Fri Apr 24 19:22:54 PDT 2015

Hi Boris,

Sorry for the delay here. I've owed you a response for a while.

On Sat, Feb 14, 2015 at 02:32:35PM +0100, Boris Brezillon wrote:
> Hello,
> 
> I'm pretty sure I'm starting a controversial discussion here, but that's
> something I am thinking about for quite a while now, and instead of working
> on my own to provide a full solution I thought this would be good to share
> my vision and hopefully get feedback from other developers (including
> maintainers ;-)).
> 
> This patch series is an attempt to define a clear separation between NAND
> chip methods (those that are really dependent on the discovered NAND chip),
> and NAND controller merhods (those generic enough to access any NAND chip
> connected to a NAND controller).

I think you might be on to something here. I'm feeling more and more
like a lot of the NAND subsystem is layered kinda badly [1]. This is
probably much due to history, where nand_base was first designed for
relatively simple NAND controllers, where much of the heavy lifting was
done in software. Nowadays, controllers do a lot more automagically.
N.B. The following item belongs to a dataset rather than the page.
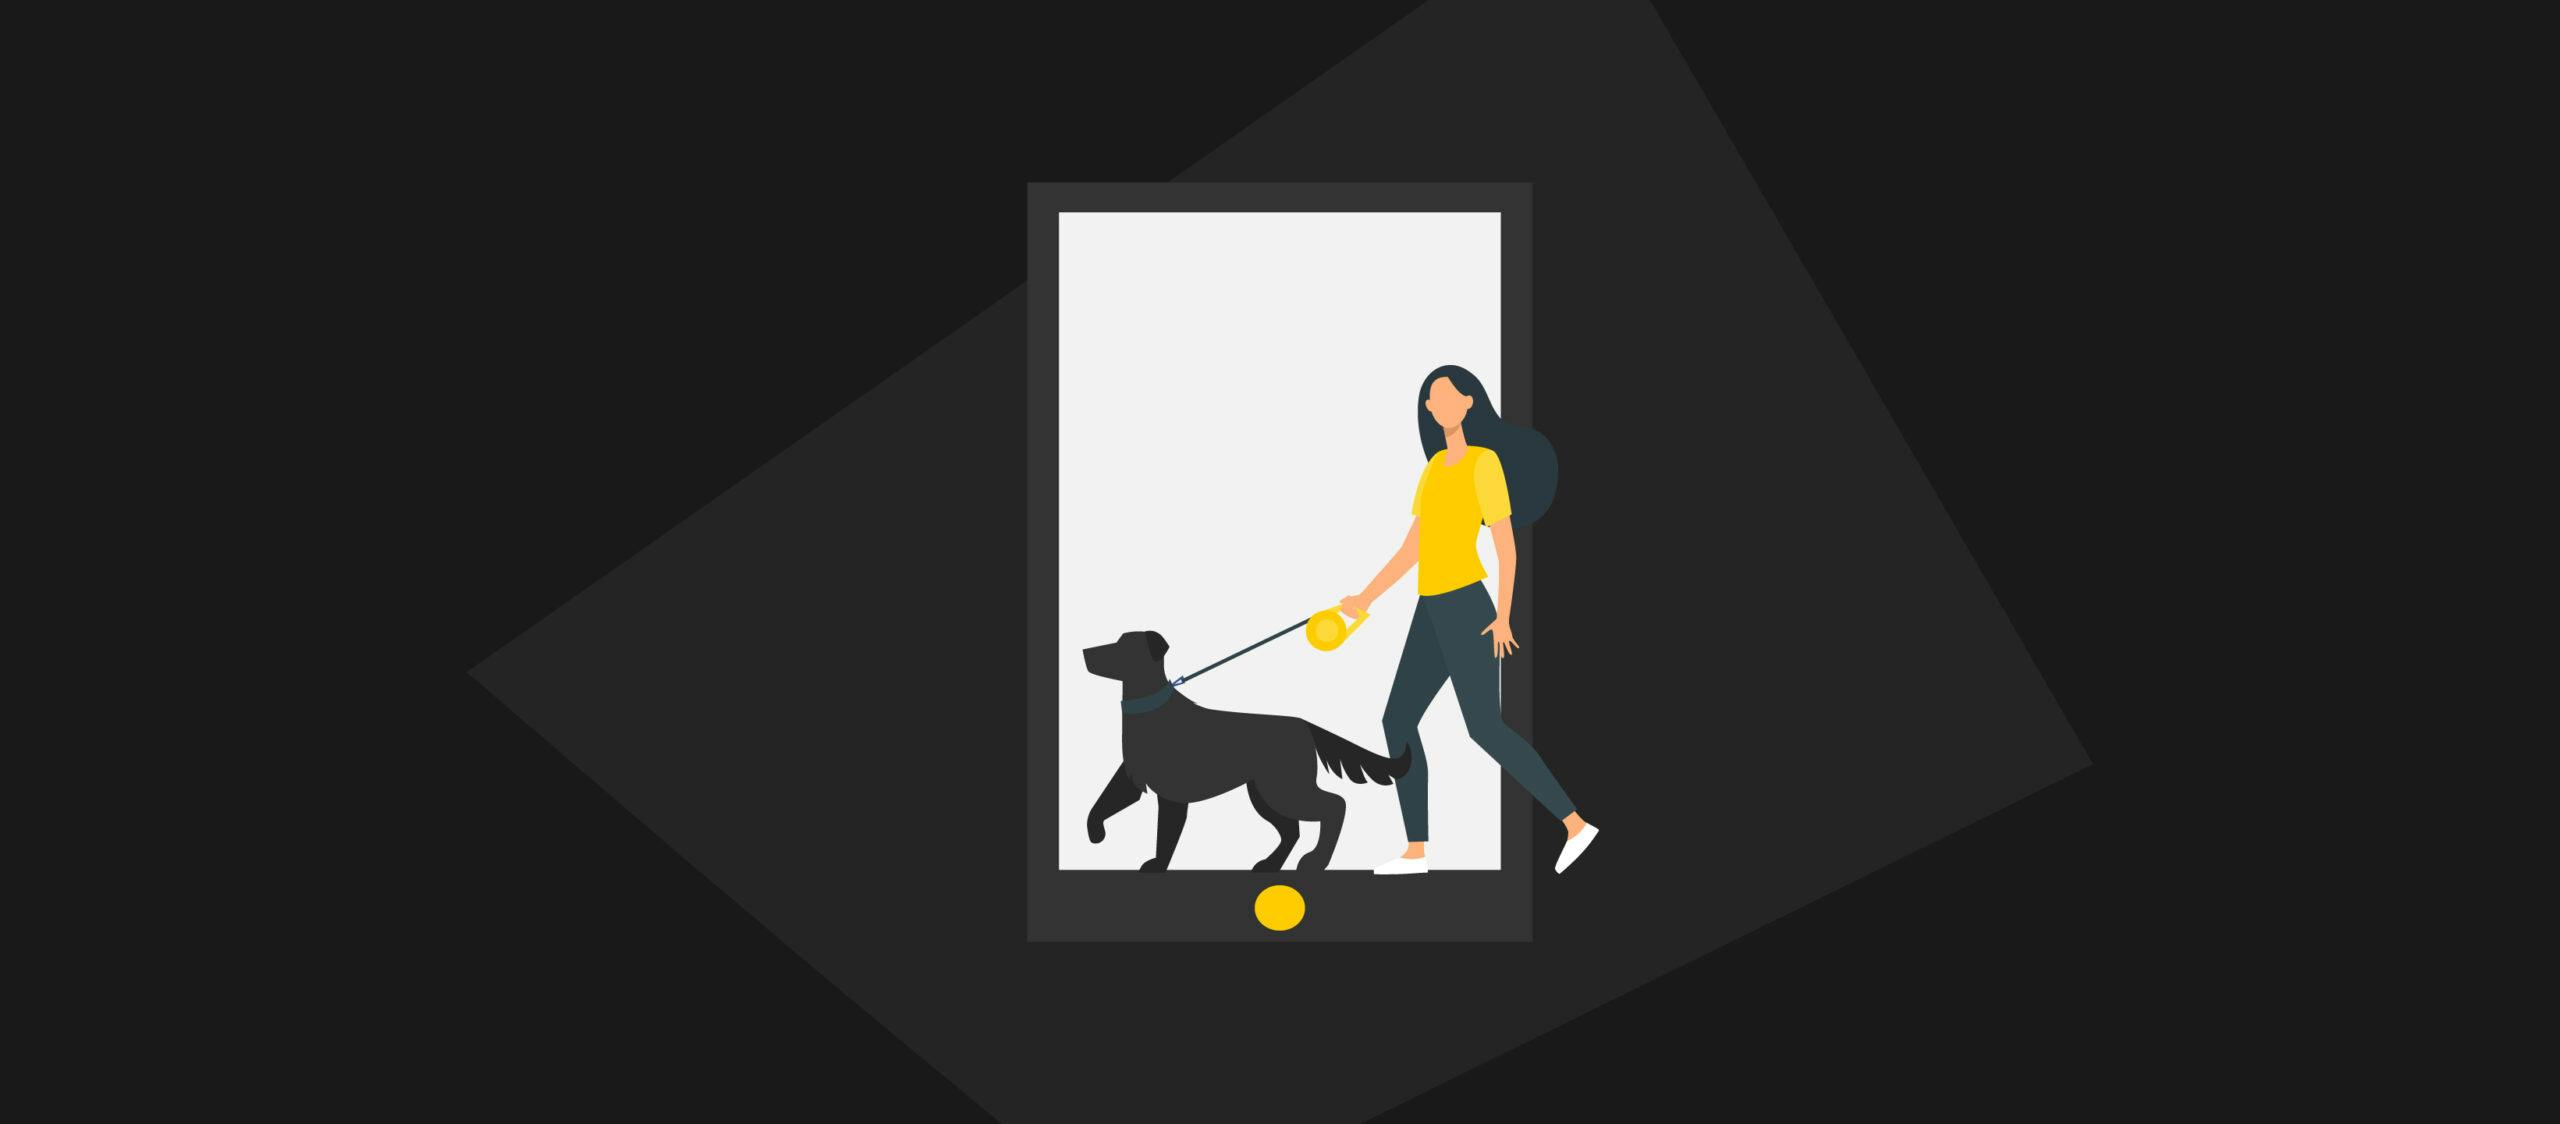 Puppy Love on Demand: How to Create a Dog Walking App?

Anyway, I agree in principle that a clearer separation between flash and
controller is a good goal.

> This separation is motivated by several things.
> 
> The first one being my current attempt to support MLC chips. These chips
> need some extra care (like read-retry or paired pages detection to avoid
> any data loss, and obviously other things I'm not yet aware of).
> MLC vendors each implement these features in a non standard way,
> meaning that NAND core (or, as I see it, vendor specific code) has to fill
> those function pointers accordingly.
> While the kernel documentation tries to specify which function should be
> filled by the controller part, and which one should be filled by NAND core,
> providing a clear separation would makes things even clearer.

Sure, I think these should be kept separate in some way. Whether that's
with your current proposal or with something else remains to be seen.
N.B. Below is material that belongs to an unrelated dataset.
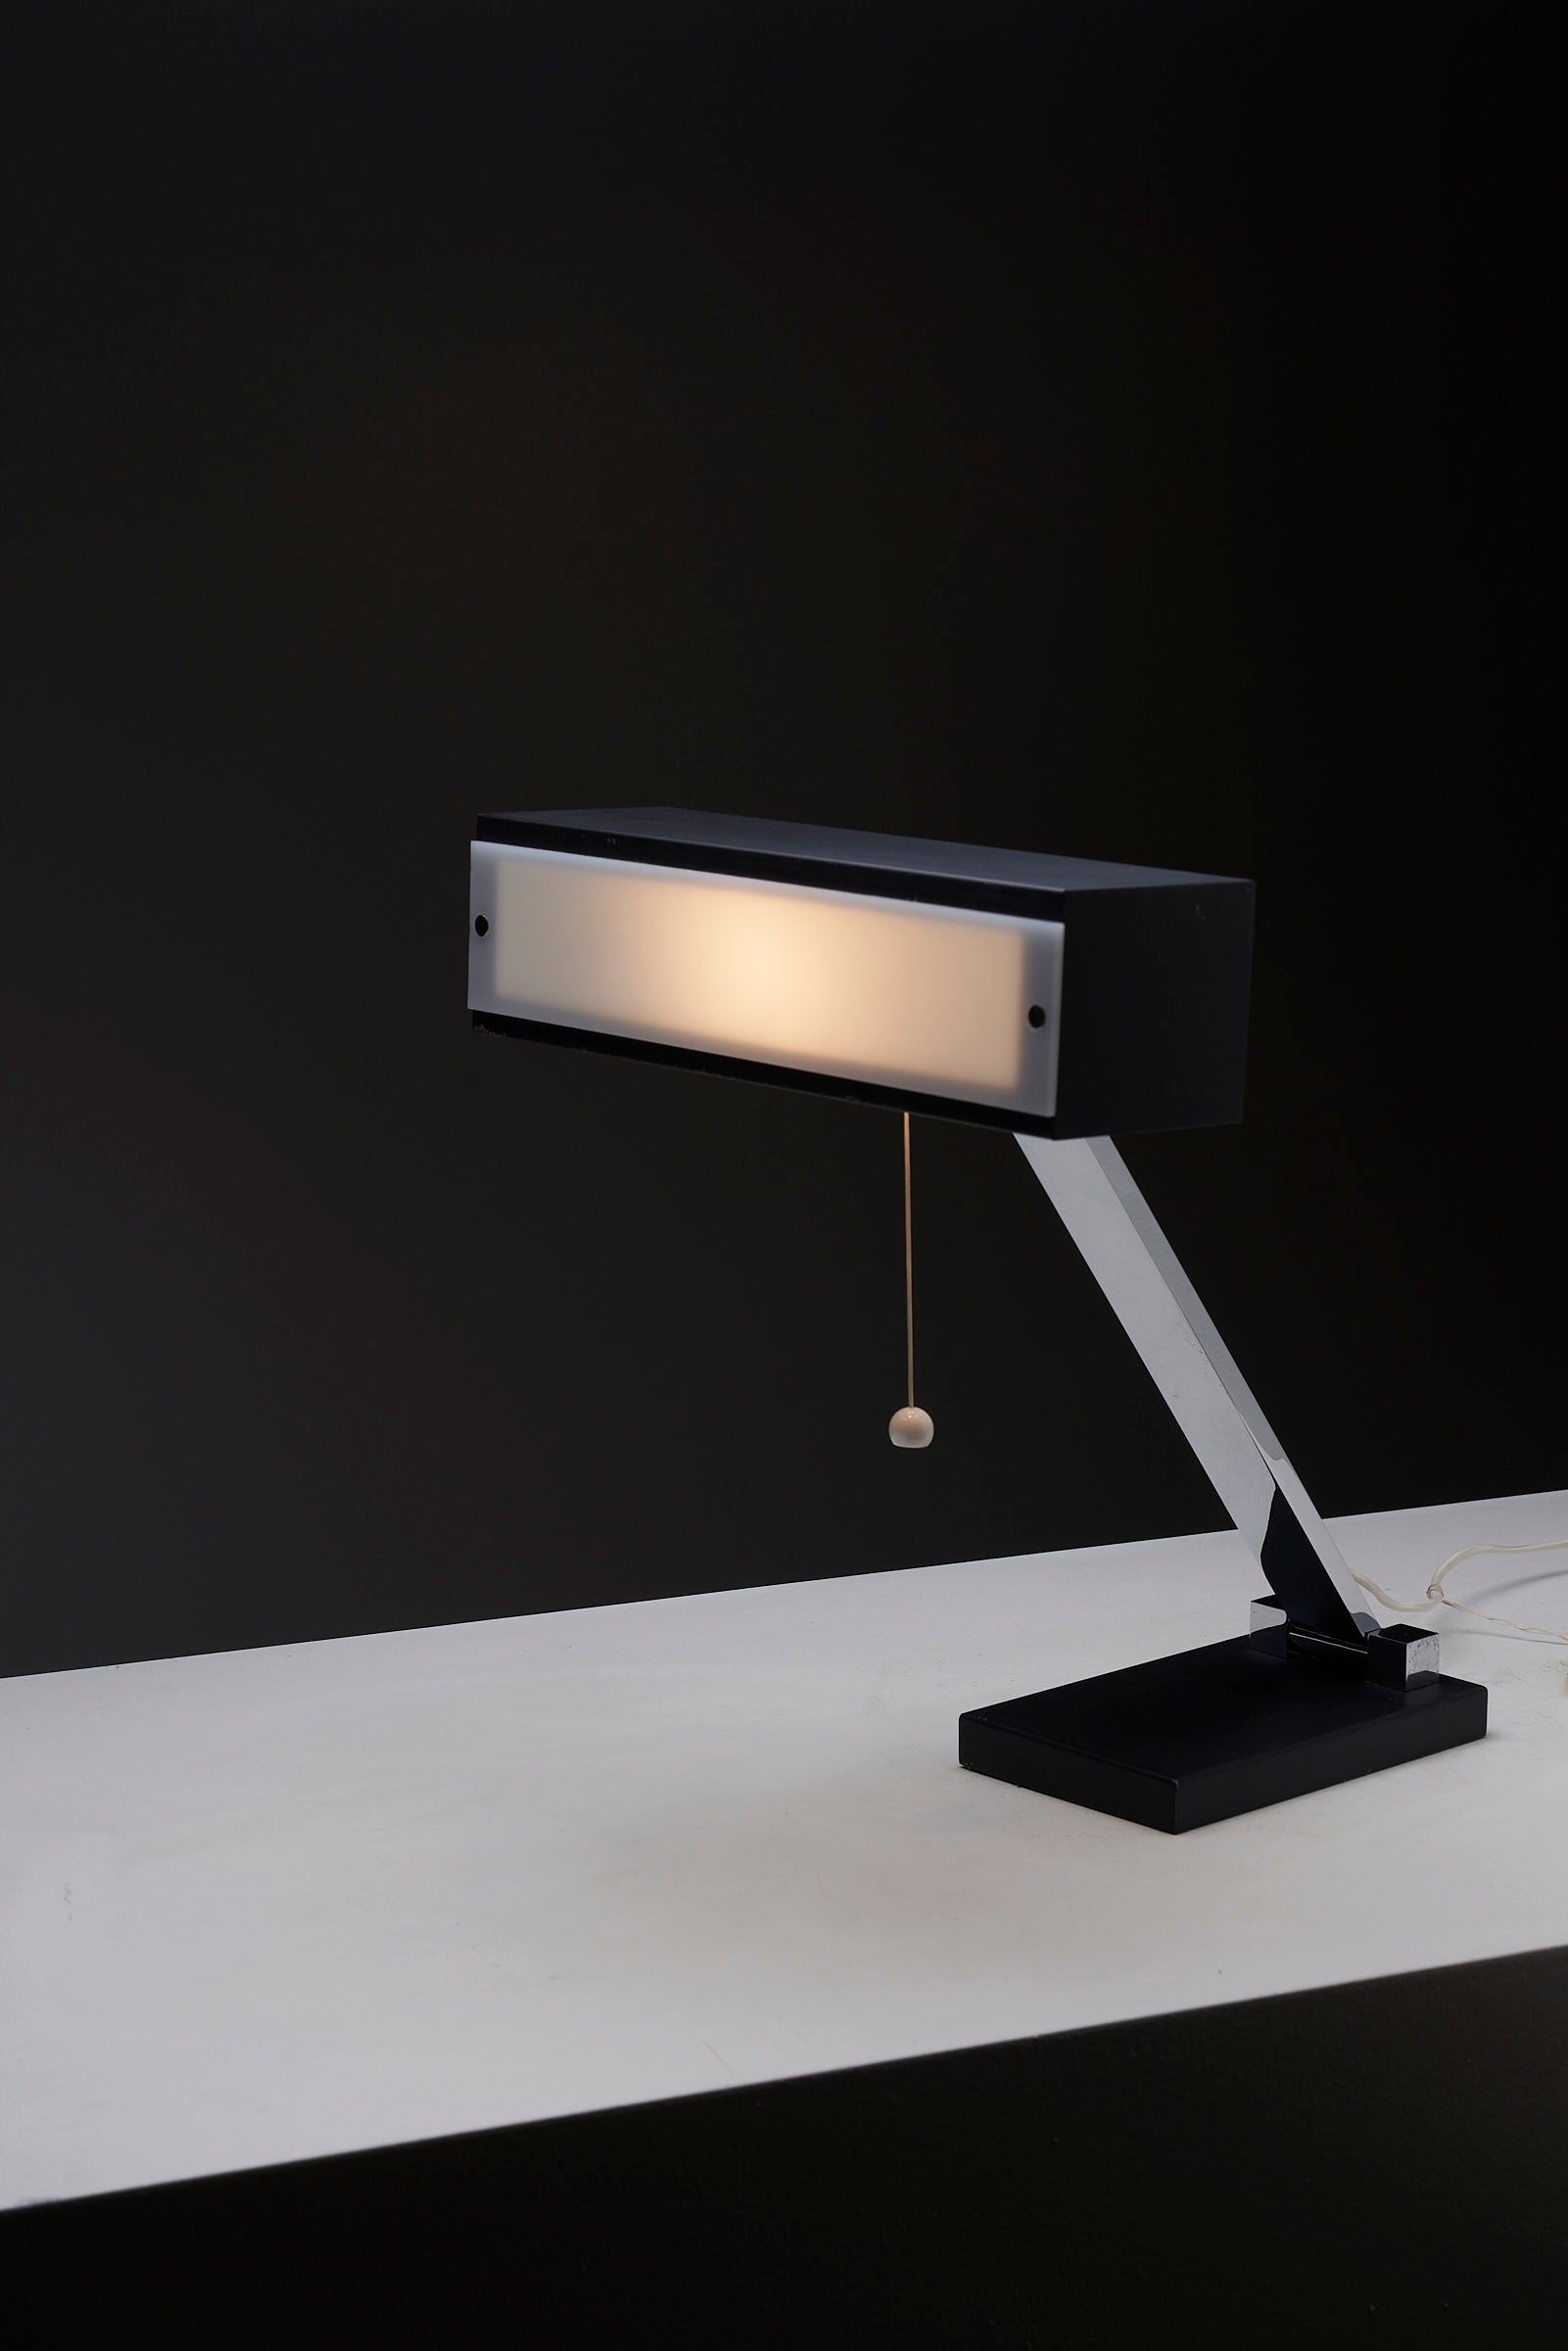 Well-built Table Lamp

> The second aspect, which IHMO is less important,

I agree.

> is that NAND controller
> drivers that deal with multiple chips won't have to fill the chip
> function each time they add one, and it would even save some space in this
> case (though I don't know any board embedding several NAND chips yet :-().

I've seen a few that used a boot SLC NAND and a large MLC NAND for
secondary storage. It's been a while since I've seen anything like that
though.

I think the more important aspect of this point is that it puts the
driver writer in the right mindset. If we have a clearer "controller"
struct (it exists already, but it's used for very little), we can hope
to eventually encourage drivers that will not have to modify struct
nand_chip at all, but leave that to the common code.

> There surely is other pros and cons to this approach, and I'm pretty sure
> you will point plenty of them.

At the moment (and, though I have taken I while to respond, I have
thought about this issue occasionally over the last two months) I don't
actually see a lot of problems with your current proposal. The code is
pretty trivial at the moment.

The problem might only be that this does not yet go far enough. A lot of
the controller-specific stuff ends up being related to the nand_ecc_ctrl
struct. Those function pointers essentially end up being the bulk of
controller-specific function pointers, in some cases, but those may even
vary from nand_chip to nand_chip. I haven't figured out what best to do
with these yet.

(BTW, this source of problem makes it hard to deal with on-die/built-in
ECC too; we might need to make use of the controller-specific *raw* read
functions while still handling the on-die ECC status info. *hint hint
Richard* *I'll comment on your on-die ECC patches soon, I hope*)

> I'd like to discuss another thing, not directly related to the controller
> ops separation: the automatic assignment of default methods done in by
> the core.
> I've done a few reviews and worked on a few NAND drivers lately, and I
> noticed that a lot of them do not implement the raw access functions
> (write/read_page_raw in nand_ecc_ctrl).
> It's obviously a bad thing, but that's not my point :-).

I agree that's bad :)

> Actually they all leave the read/write_page_raw unassigned and let NAND
> core assign default values which will obviously not do what's expected
> at all.

Actually, that might be expected. e.g., on some NAND_ECC_HW
implementations, the driver may be relying entirely on the
ecc.{hwctl,correct,calculate} functions, and in the absence of those
calls (e.g., when read_page_raw() just performs calls to read_buf()),
then no HW ECC is initiated.

> My point is, maybe we should provide default implementations to all drivers
> (export GPL symbols) and let them fill their function pointer instead of
> guessing what they want to do.
> This way we would easily detect offending drivers and complain before they
> can even register a NAND chip.

I don't think we can do exactly that -- that would leave a lot of
implementations where we have to duplicate too much stuff -- though a
compromise might work. Perhaps we can at least have nand_base complain /
error out [2] if ecc.{read,write}_page() are provided by the driver but
ecc.{read,write}_page_raw() are not. That would cover the likely problem
cases, while avoiding work on some cases that are done properly.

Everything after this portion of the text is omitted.